Murphy was so overwhelmed that he just stared at her. He had never heard words like that from a partner, and certainly not from such a strong-willed, smart, powerful woman as Madigan. Something stirred within his chest.

Madigan breathed in slowly, and shuddered slightly, trying to push the physical pain of her injury to the back of her mind. Her partner had not responded to her lame apology, and she knew it was too little, too late. "Alright, Murphy," looking up at him and squeezing his hand that held the gun. "I won't make the same mistake again. I won't stop you. You do what you need to do, but I'm not leaving." She felt his hand twitch under hers, and closed her eyes.

At first, when she had stepped between him and the disk, he'd felt a flash of anger. That's why he had come out into the middle of nowhere in the first place, for the specific purpose of not hurting anyone else. He'd almost pulled the trigger anyway, knowing that she had put herself in that position. But he saw now why she had done that. Lisa Madigan, always so fearless, had selflessly put her own life on the line to save his.

The small, trembling woman in front of him, so full of life and spirit, and so fragile, had come to him at great cost to herself. The bleeding had slowed since she wasn't running, but her color had not improved. Her brow was still furrowed, but she stared at him with hard, clear eyes. She knew the risk of joining him at ground zero, but refused to leave her partner. Murphy suddenly felt he didn't deserve such a devoted friend, and knew he was not worthy of her.

His leg compartment opened, and he slid the gun back into its holster. Slowly, he powered down the explosive, and put it back, too. Madigan wrapped her arms around his shoulders and held him tightly. He wanted to be able to feel her embrace more than anything, but could only register the pressure of her body against his. When she began to slide off his chassis, he caught her unconscious form in his arms and stood. It was a short walk back to his sealed cruiser and Madigan's personal car.
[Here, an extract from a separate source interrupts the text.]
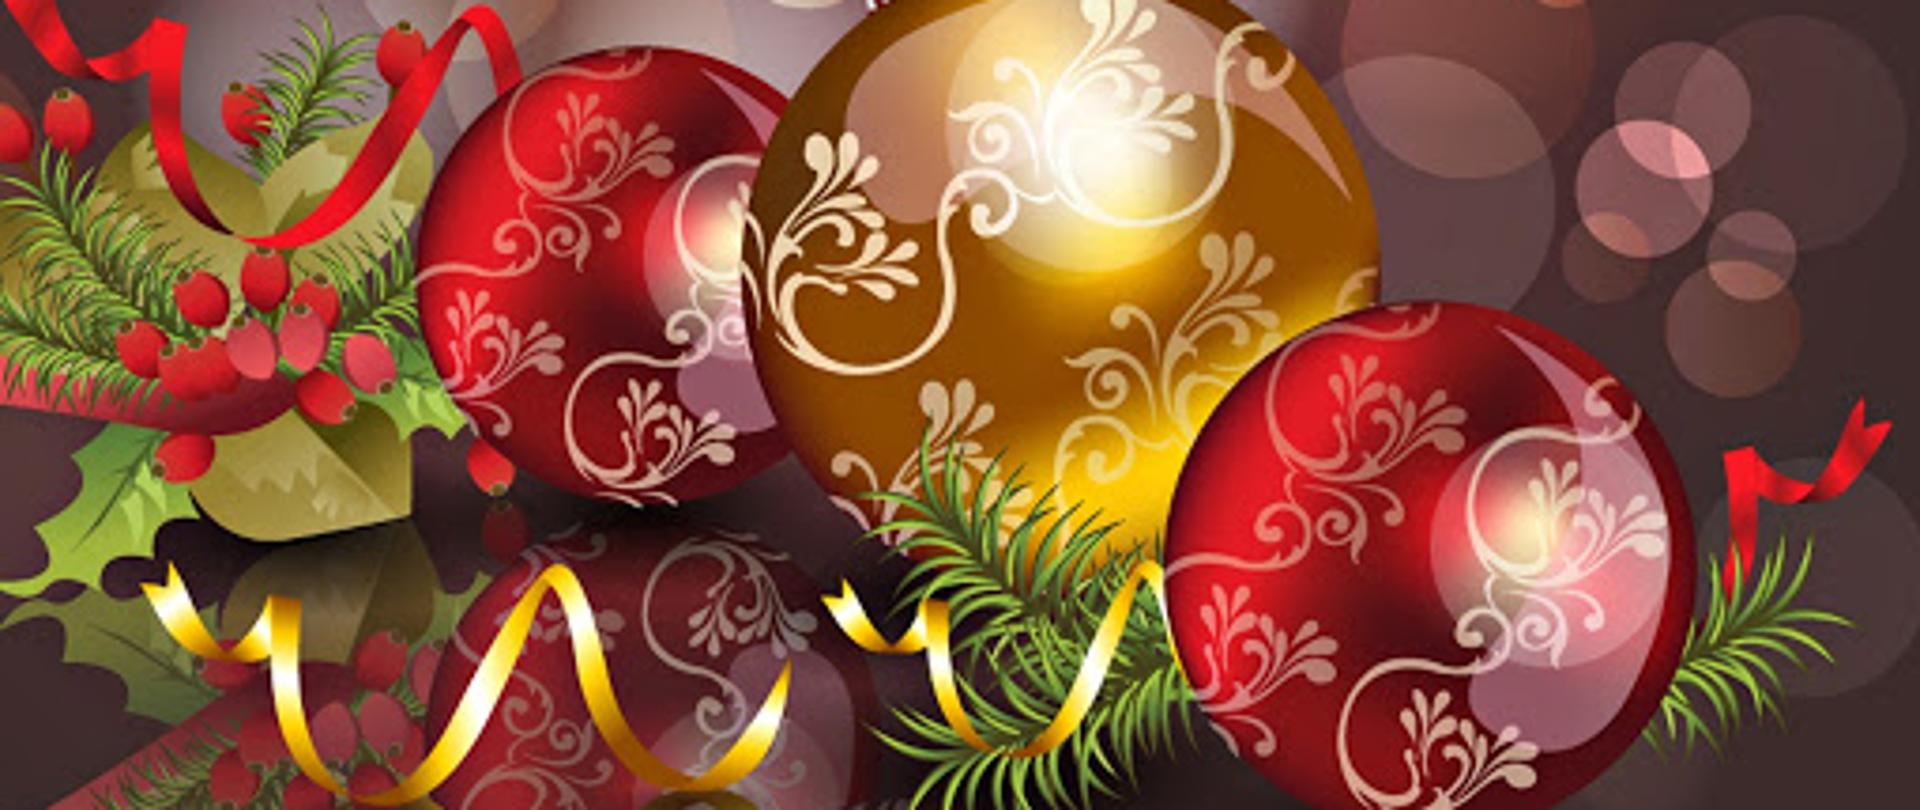 Zdjęcie przedstawia dekorację świąteczną, kolorowe bombki oraz gałązki choinki na ciemnym tle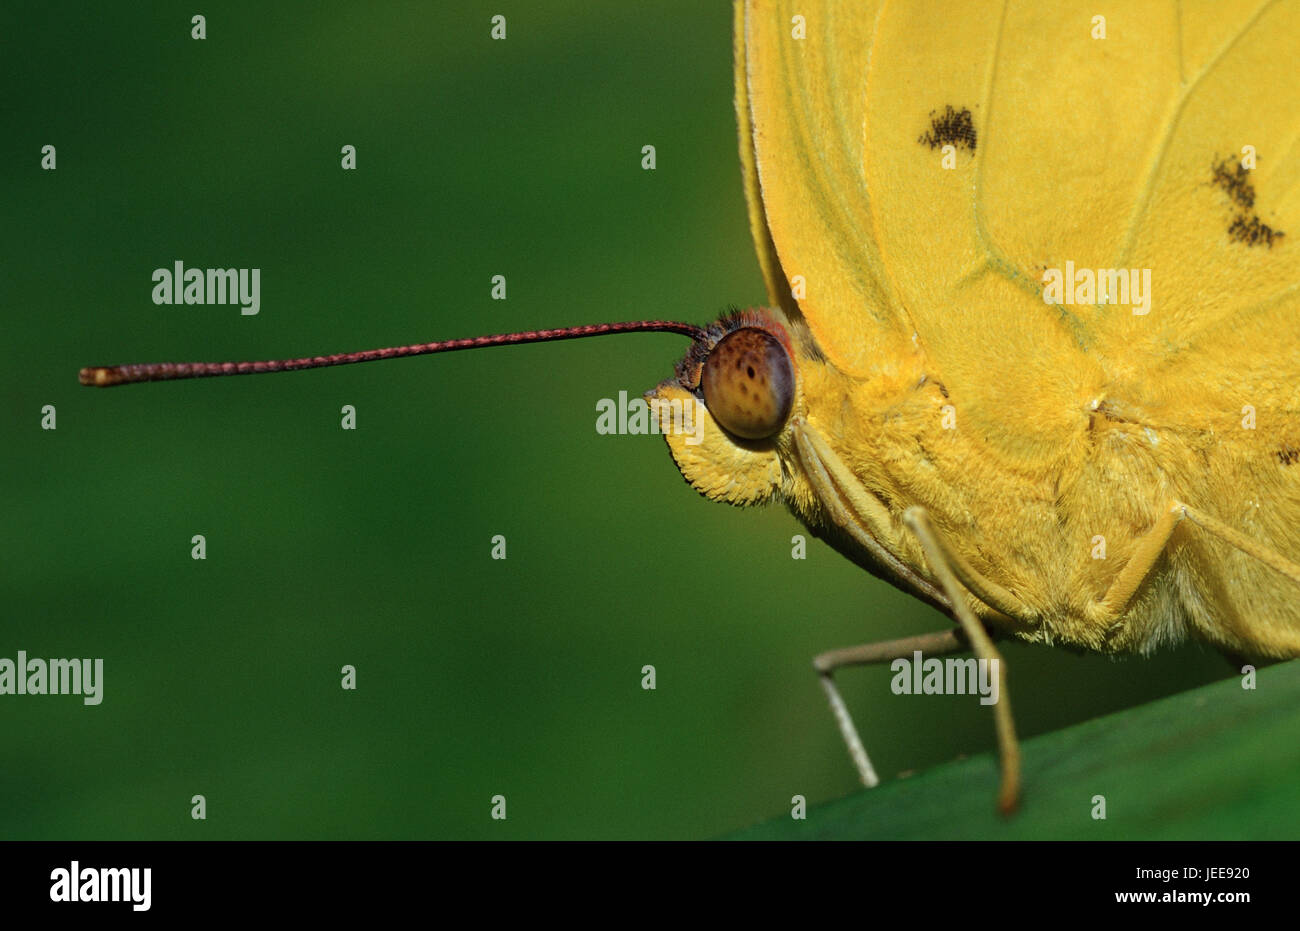 Orangegebänderter sulphur butterfly, Phoebis philea, Stock Photo

When Murphy opened the door to place his partner in the passenger seat of the RoboCruiser, he was surprised to find Diana's holographic image sitting impatiently. "Alex! Are you alright?"

Diana must have watched his car go out of camera range from the city and tried to contact him. When he didn't respond, she went to the person closest to him, exposing her secret. Madigan had dragged herself out of the hospital to come get him. If Madigan was here, then Sergeant Parks and the rest of the precinct could be on their way, too.

RoboCop knew then that he had been wrong. He was not alone.